Carlos VERMEJO RUIZ Sun, 25 Apr 2010 08:58:50 -0700

Some corrections: I change domain names to bogusdomain .com 

----- Mensaje original ----- 
De: "Carlos VERMEJO RUIZ" <[email protected]> 
Para: [email protected] 
Enviados: Domingo, 25 de Abril 2010 10:41:02 
Asunto: Re: Problem with service migration with xen domU on diferent dom0 with 
redhat 5.4



Almost solved: 

I double check my multicast traffic and found no multicast traffic could pass 
from server1 to server2, I corrected this changing my host table with the node 
names pointing to eth3 (the interface that is interconnecting with a crossover 
cable both machines) and distributing it between domUs and dom0s. I checked 
multicast communications with "nc -u -vvn -z <multicast_IP> 5405" . Now both 
nodes can see their status properly. node2 can see the services that are 
running on node1, before this they could not see.

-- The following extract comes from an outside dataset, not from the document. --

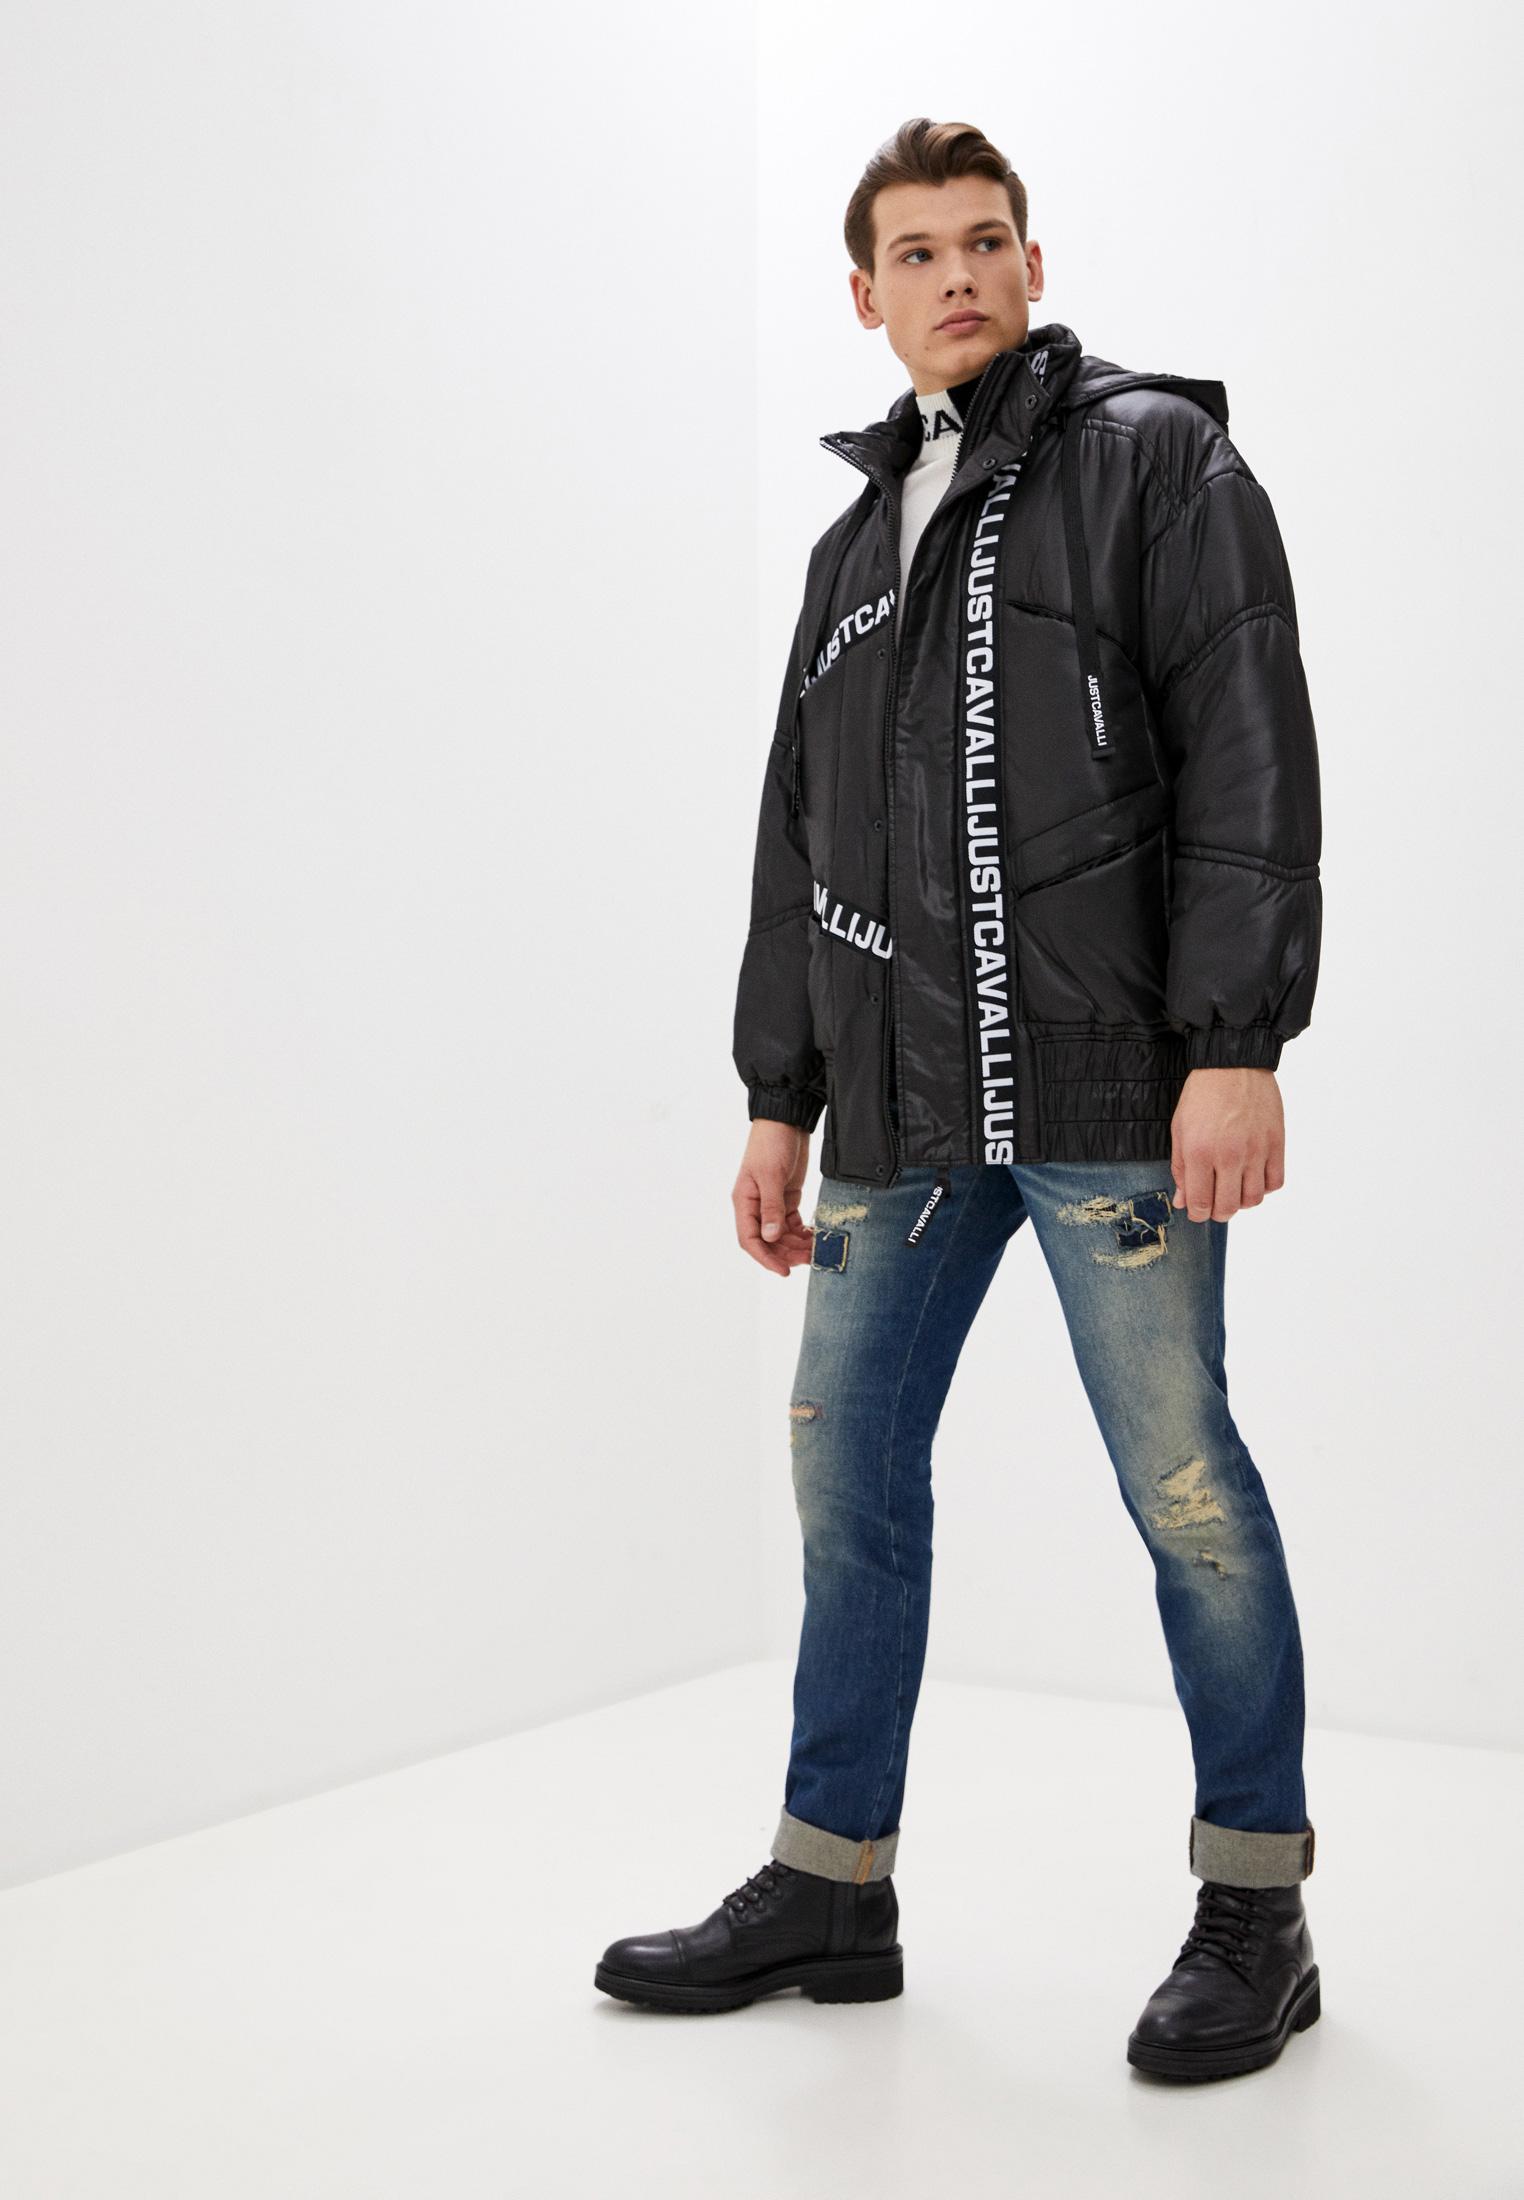 Куртка Just Cavalli (Джаст Кавалли) s01am0330n39530: изображение 3

Another thing I did was to 
change the keys, now I am using the same key for domUs and dom0s decause 
fencing was not working. 

In operations, when I turn off vmapache1(node1), vmapache2(node2) detects it is 
offline and starts the service on its machine. When node1 comes up the service 
do not fall back, in my case this is desirable but I tested with fallback 
enabled and it did not worked. Also migration does not worked and fencing when 
I send the action to reboot or off, it gaves me a successful answer but it did 
not turn off or reboots the virtual machine vmapache1. 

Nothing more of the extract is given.